PROBLEM DETAILS:
Strip out the pictures and output each remaining line of the data word for word.

GIVEN DATA: Begin

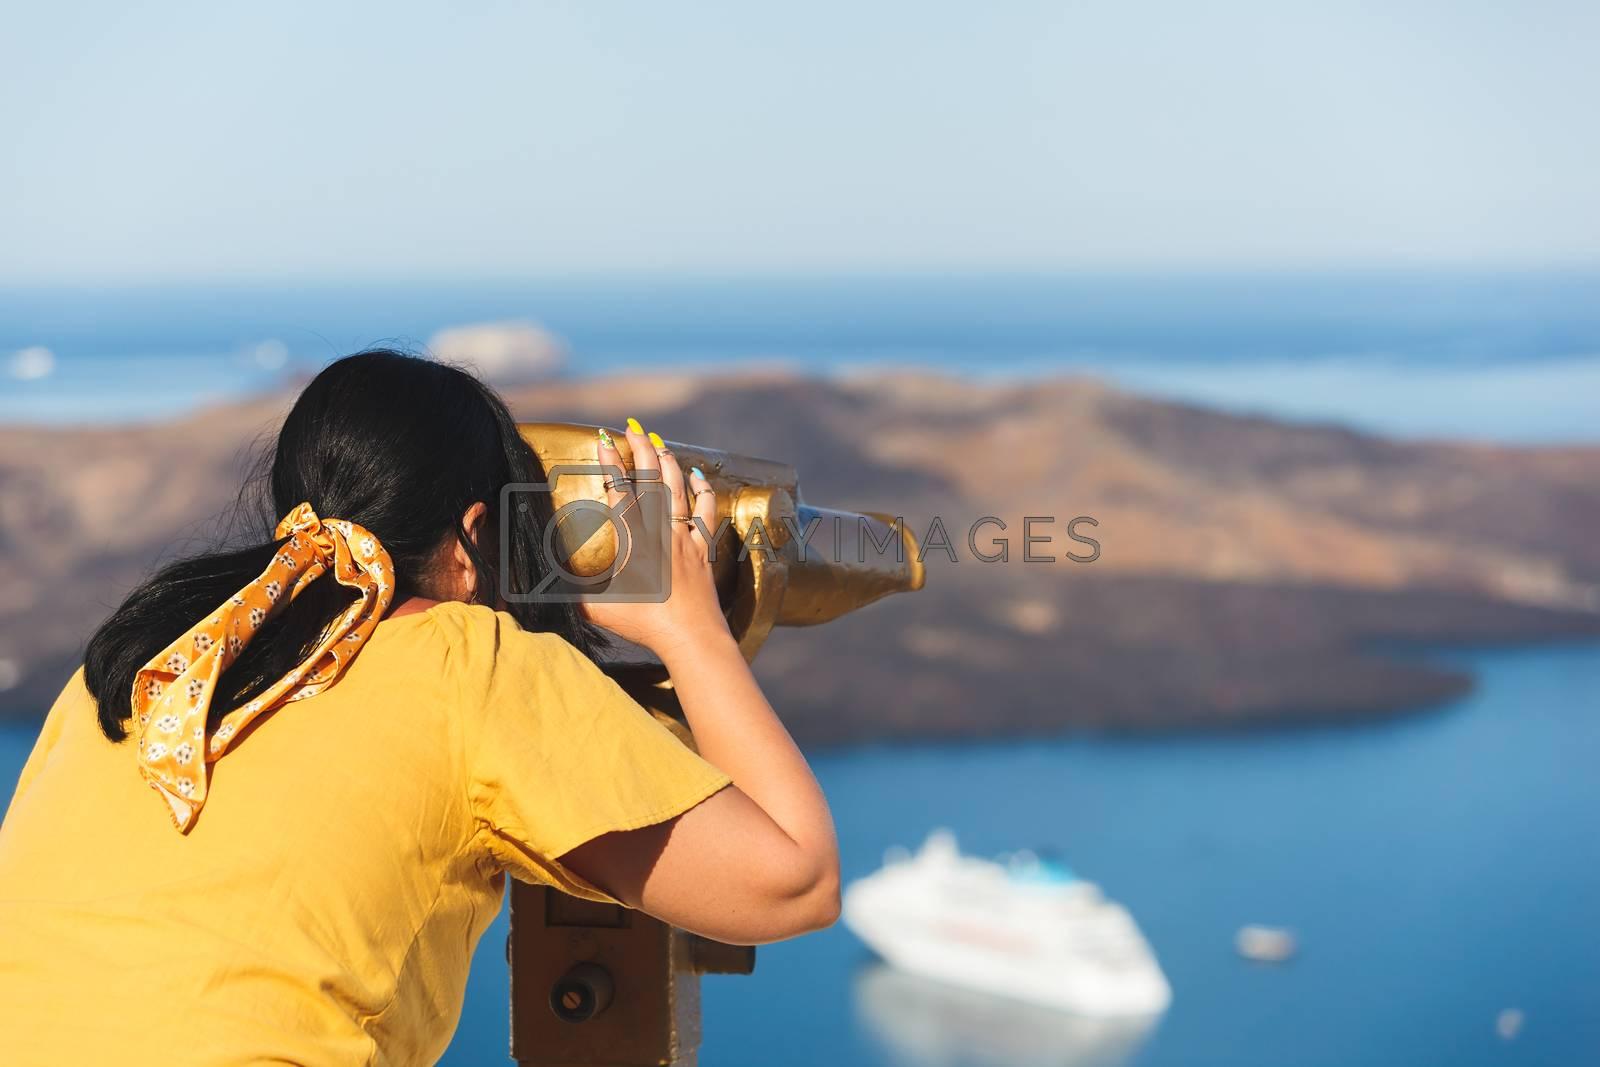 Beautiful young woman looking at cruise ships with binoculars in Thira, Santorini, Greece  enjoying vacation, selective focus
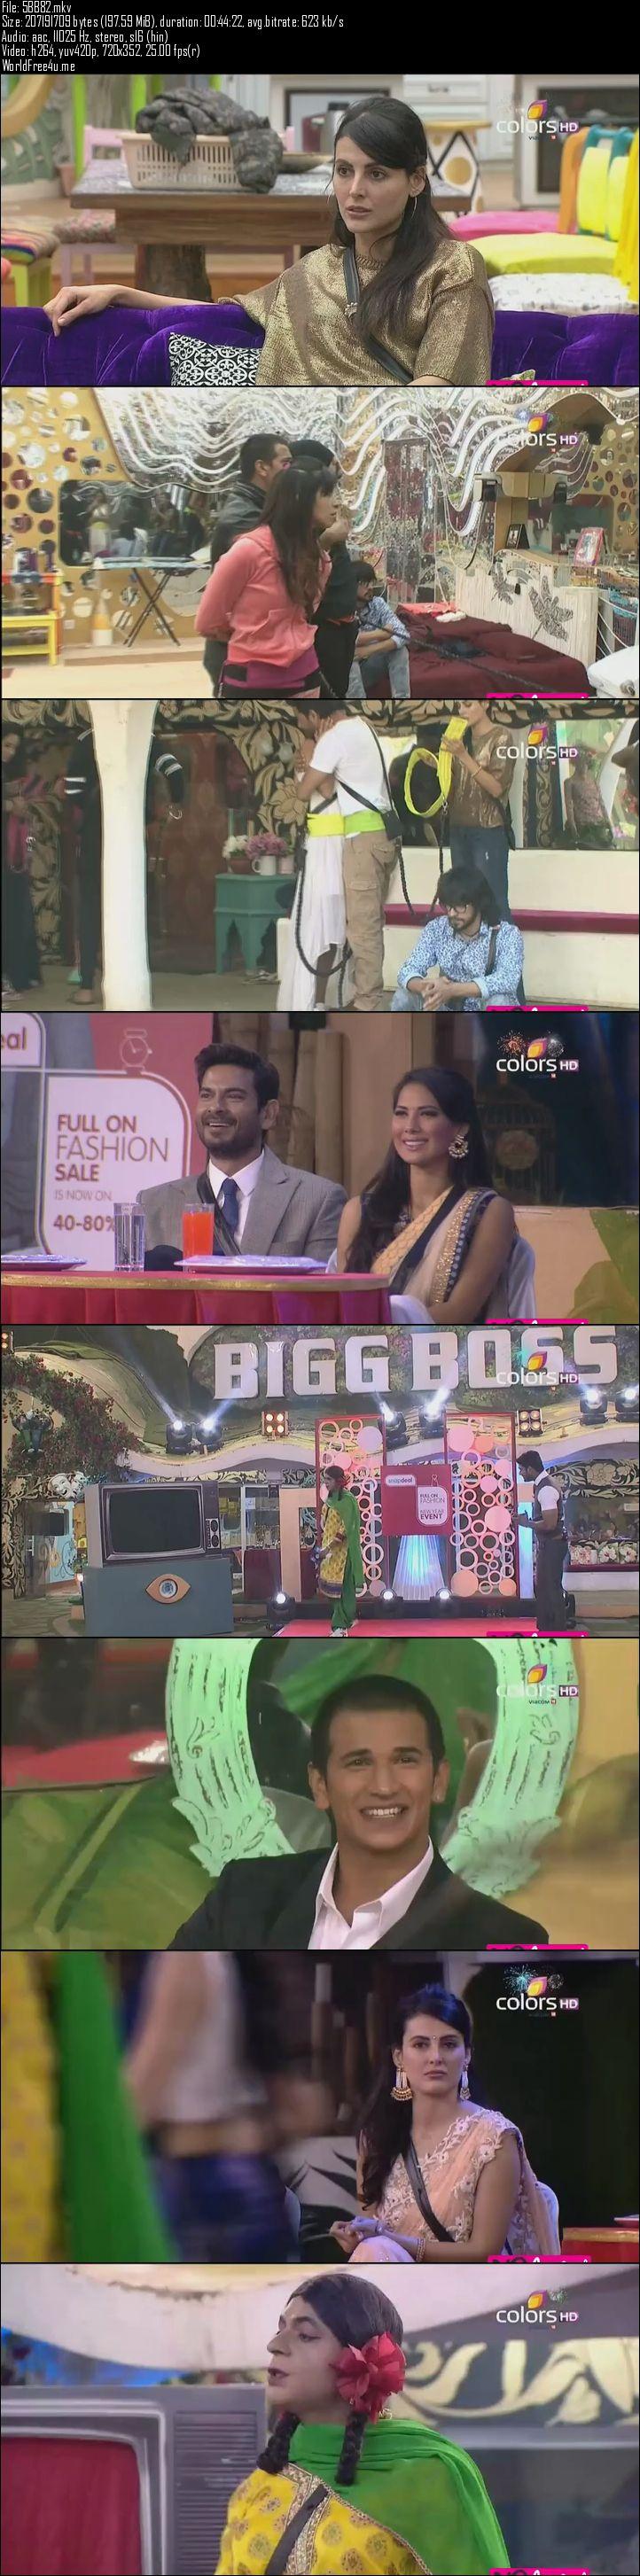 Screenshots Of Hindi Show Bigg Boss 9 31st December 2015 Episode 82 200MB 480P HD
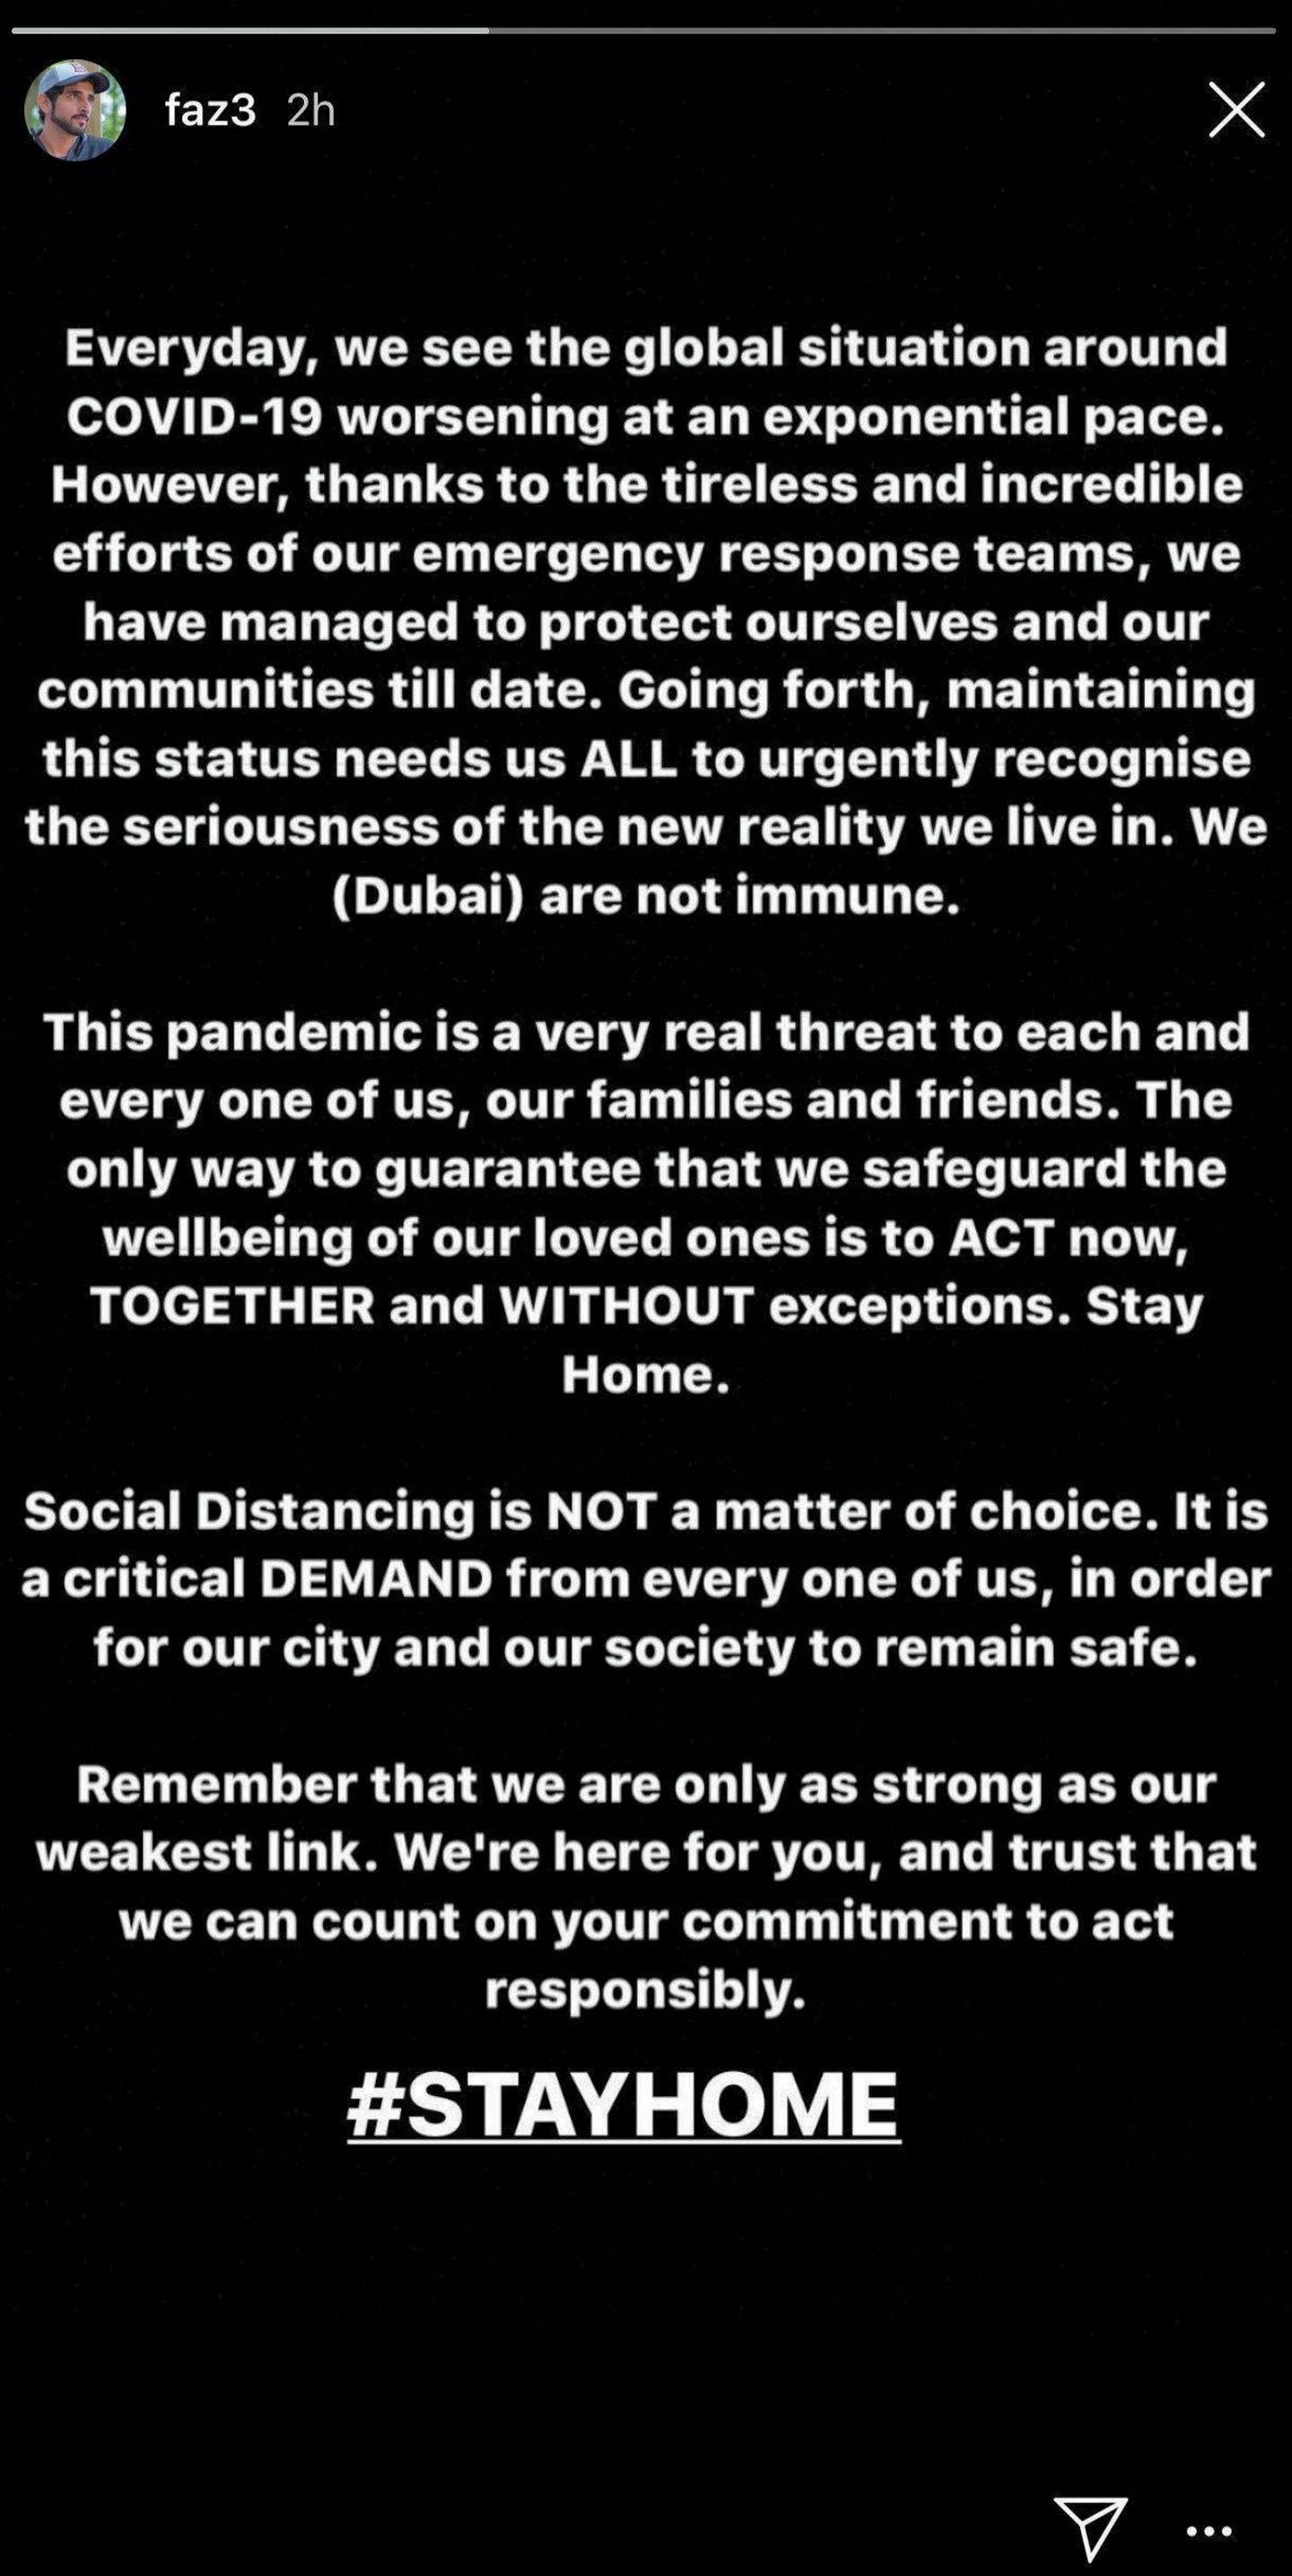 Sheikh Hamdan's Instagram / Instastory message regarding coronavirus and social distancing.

GIVEN DATA: End

EXERCISE SOLUTION:
 Beautiful young woman looking at cruise ships with binoculars in Thira, Santorini, Greece  enjoying vacation, selective focus
 Screenshots Of Hindi Show Bigg Boss 9 31st December 2015 Episode 82 200MB 480P HD
 Sheikh Hamdan's Instagram / Instastory message regarding coronavirus and social distancing.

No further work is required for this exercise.